Actually, information of all kinds was kept from us, not just the ideological sort. Waldorf’s curriculum wasn’t primarily meant to educate us, as that term is usually understood. We did homework, and took tests, and wrote papers. We picked up some knowledge of standard academic subjects. Yet all of that was, in a sense, incidental. No one could have mistaken Waldorf for a hotbed of intellectual excellence. Our teachers had different, overriding concerns. Waldorf’s priority was to quietly condition our souls and hearts to receive spiritual influences. To that end, our teachers subtly encouraged us always to move toward the light and away from the dark (in all its meanings). Those of us who were most susceptible to this silent manipulation were powerfully affected. I won’t violate the privacy of my former schoolmates, so I’ll speak only for myself. To my ultimate regret, I was a dutiful and studious schoolboy, not wholly credulous, but nearly so. For me, Waldorf’s impact was thrilling. I developed esoteric yearnings — I was eager for revelation — I longed for things transcendent, for supernal beauty and grandeur. The expectation of these blessings grew in me for years and sustained me. But then, gradually, a reaction set in. It became increasingly pronounced as I progressed through high school. I was pained that the world, and I, fell so far short — always, it seemed, so far short. Dreams of the transcendent remained just that — vague, alluring dreams, perpetually out of reach. Longing for the unobtainable is a prescription for frustration, or desperation. I continued to long — perhaps more than ever — but I came to feel that my longings were a burden.
V.
I was a member of the student council. During my junior year, the council urged Mr. Gardner to tell the student body more about Rudolf Steiner and his philosophy. There was a growing suspicion among the students that our teachers had a clandestine agenda rooted in Steiner’s tenets. Despite beings such a square — I ultimately was student council president and a graduation speaker — I shared the suspicions, with some reason. You see, I had a couple of private peepholes onto events behind the scenes. My mother was Mr. Gardner’s secretary. Although she never intentionally betrayed any of Mr. Gardner's confidences to me, she inevitably dropped a few tidbits about the man and his beliefs — not very informative, but enough to pique my curiosity. I had another source of inside information, also. Mr. Gardner took a special interest in me. We had several private conversations. Once he gave me what amounted to a fatherly sex talk: Love should always come before sex, he counseled (no surprises there). Once he asked me whether he should fire the school’s Latin teacher, and he quickly added “Don’t think about it with your brain” — I should give an
instinctive response, not a considered reply. (Which raises the question, what organ should be used for thinking, if not the brain?) Once he questioned me about evolution and then conducted an hour-long private colloquy with me on the subject. Taking his cue from Steiner (whom he did not mention), he explained that some contemporary peoples and animals had not evolved upwards but are actually the degenerate remnants of earlier, higher life-forms. Earth’s evolutionary scheme is complex, he informed me, with some species, races, and individuals rising, and others receding. I came away from our discussion feeling reasonably confident that he and I were among the upward-movers.

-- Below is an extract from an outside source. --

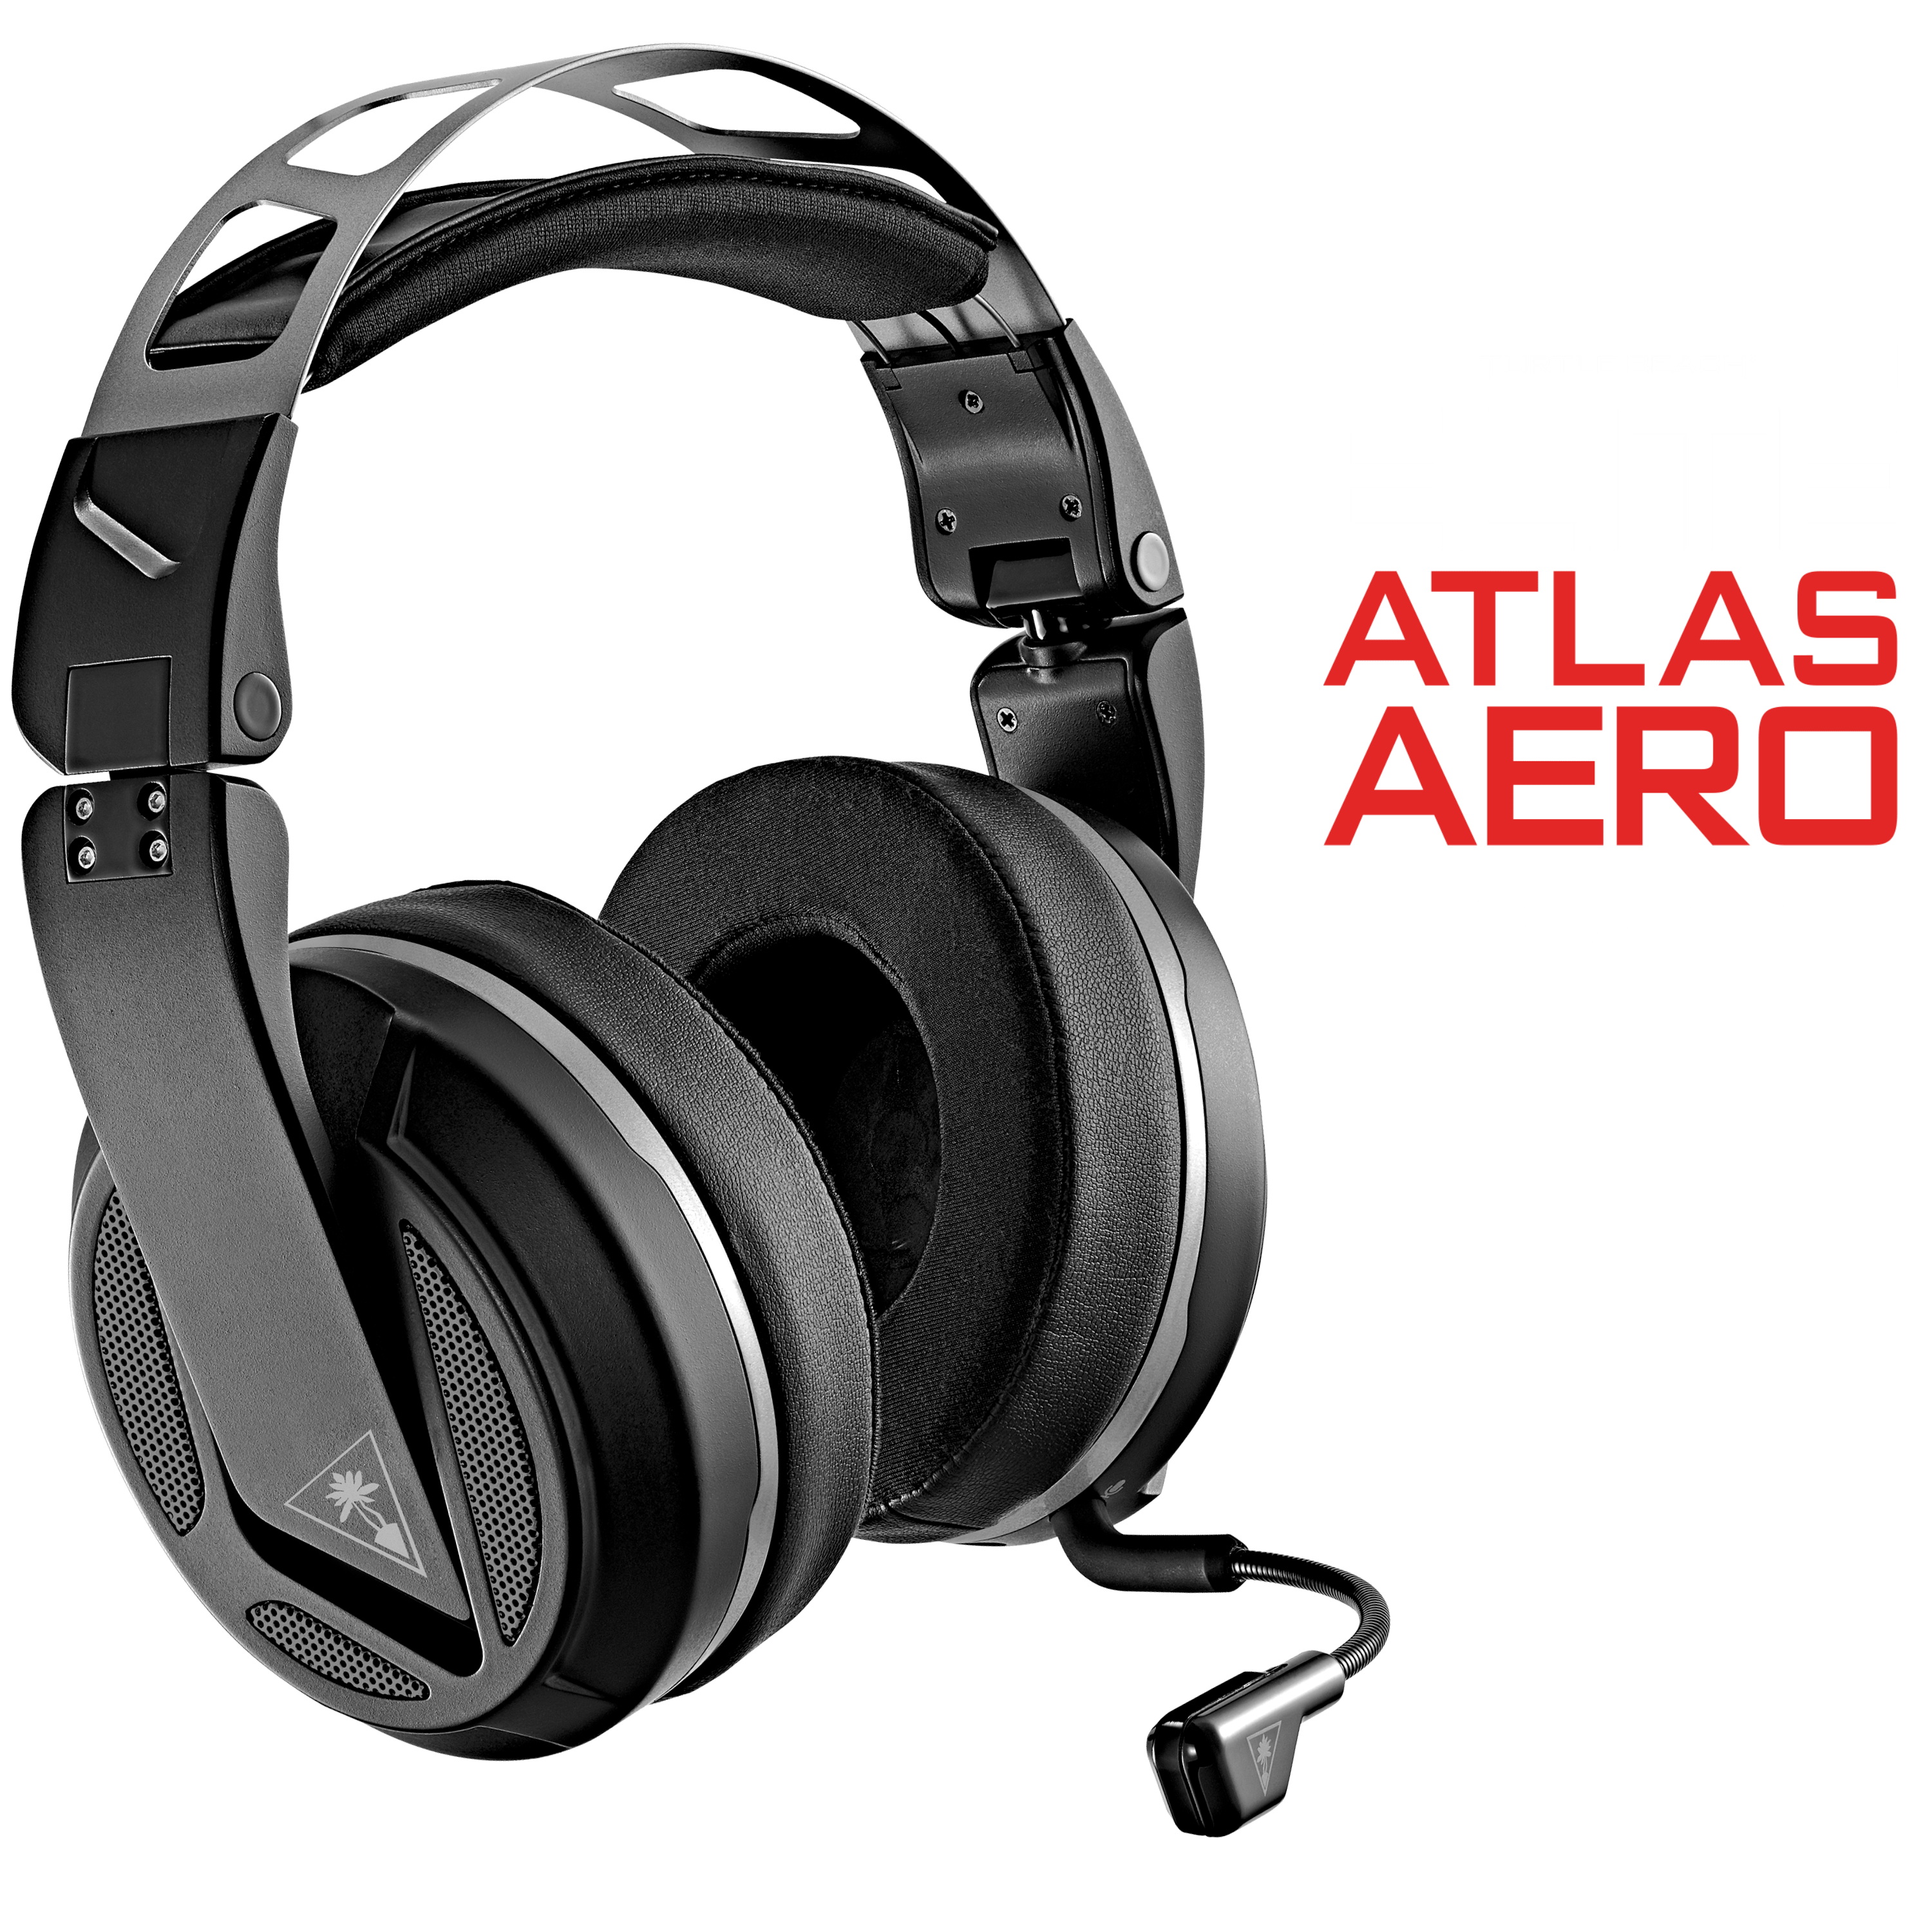 elite atlas aero

The student council asked Mr. Gardner to address the high school: to tell us about Steiner and then take our questions. He did so, reluctantly, and most circumspectly. As I now know from reading many of Steiner’s books, Mr. Gardner omitted a great deal: Steiner’s belief in karma and reincarnation, for instance; also his belief in Atlantis, and goblins, and Lemuria, and Ahriman, etc. Instead, Mr. Gardner told the assembled students that Steiner had been a wise teacher, a spiritualist with extraordinary insight. He said Steiner’s insights into the arts helped lay the foundation for our arts curriculum, and that Steiner’s scientific insights had, among other things, led to the development of a particularly productive form of organic gardening. He said Steiner was enormously perceptive and aware. Then somehow he let slip that Steiner could see angels with his naked eye — which caused a few gasps and giggles from the students, but only a few. (I now suspect this “slip” was intentional: Mr. Gardner was hinting at the talent we all should cultivate when sufficiently evolved: clairvoyance: the basis of Steiner’s insights and wisdom.) Beyond that, he told us little. He said Waldorf’s purpose was obvious: to educate and improve us. Steiner’s educational principles were certainly invaluable, he said, but then he added that it would do us no good to delve into Steiner’s doctrines at our age — we were too young to grasp them. The right way to learn about Steiner, he told us, was to form study groups when we were older, and then with like-minded seekers we should read and discuss as many of Steiner’s books as caught our interest.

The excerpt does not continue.